An Introduction to Metaphysics

The Three Dreams

Bruno Bérard

Foreword from Michel Cazenave

The book is in French – here a translation of key elements in English.

Three dreams, recounted and interpreted metaphysically, are an opportunity to enter metaphysics, not through a narrow door, but through a wide open portal. The result is an easy understanding of the possibility of metaphysics and some of its teachings.

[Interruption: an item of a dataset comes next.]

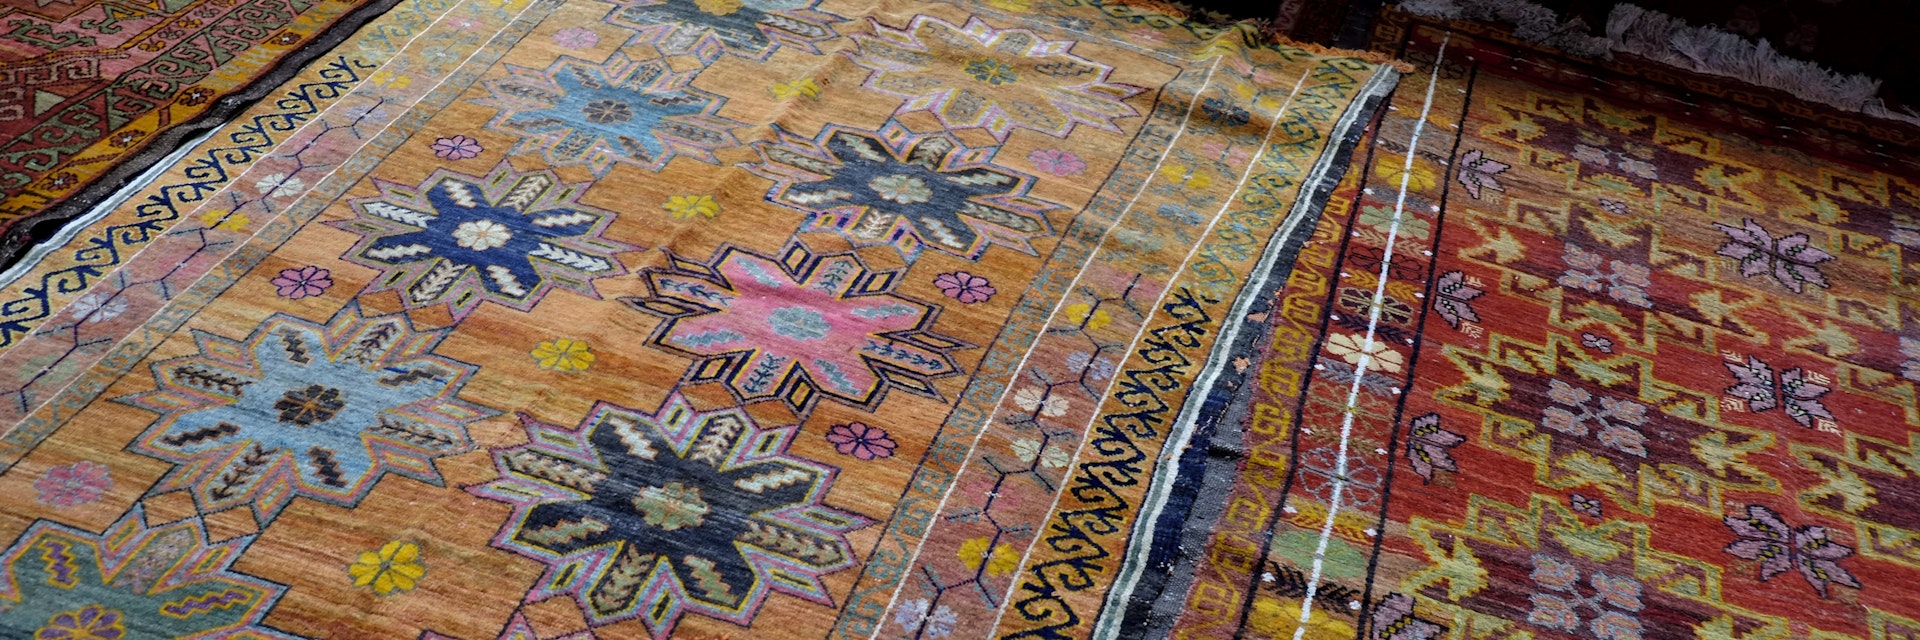 (GERMANY OUT) Teppiche mit traditionellen Mustern - Kunsthandwerk auf dem Basar im Zentralen Staatsmuseum der Republik Kasachstan in Almaty  (Photo by snapshot-photography/ullstein bild via Getty Images)

  1. Foreword from Michel Cazenave
  2. Part One: The Three Dreams

  3. I Walked on the Sea

    1. 1. Leaving the Garden
    2. 2. Crossing the Forest
    3. 3. Walking on the Sea
  4. You are Stepping Out of Space-Time

    1. 4. The Indefinite Finite and the Infinite
    2. 5. Space is Not in Space
    3. 6. Time is Not in Time
  5. He Won’t Fall Off the Cliff

    1. 7. Walking on the Set
    2. 8. The Edge of the Cliff
    3. 9. Diving into the Abyss
  6. Part Two: Metaphysical Commentaries

    1. 10. To Interpret
    2. 11. Symbolic, Esoteric, Metaphysical Interpretations
    3. 12. I Walked on the Sea, or The Abandonment of Self-Will
    4. 13. You Go Out of Space-Time, or Withdrawal into the Principle Point
    5. 14. He Will Not Fall from the Cliff, or the Point was the Axis Trace
    6. 15. Cross Interpretation of the Three Dreams, or the Symbolism of the Cross
    7. 16. Metaphysical Interpretation in Christian Language
    8. 17. Metaphysical Interpretation in Different Religious Languages
  7. Part Three: What is Metaphysics?

    1. 18. The Situation of Metaphysics
    2. 19. The Possibility of Metaphysics
    3. 20. The Teachings of Metaphysics


Symbolism is the observation of a universal correspondence between a thing, rather natural, and another that goes beyond it. For example, water, which receives the form of any vase where it is found, symbolizes the receptivity of man or woman and, consequently, the possibility of learning, of being in-formed and trans-formed. In the extreme (in the absolute), water symbolizes the Possibility of everything, of which the universe is one of the possible forms.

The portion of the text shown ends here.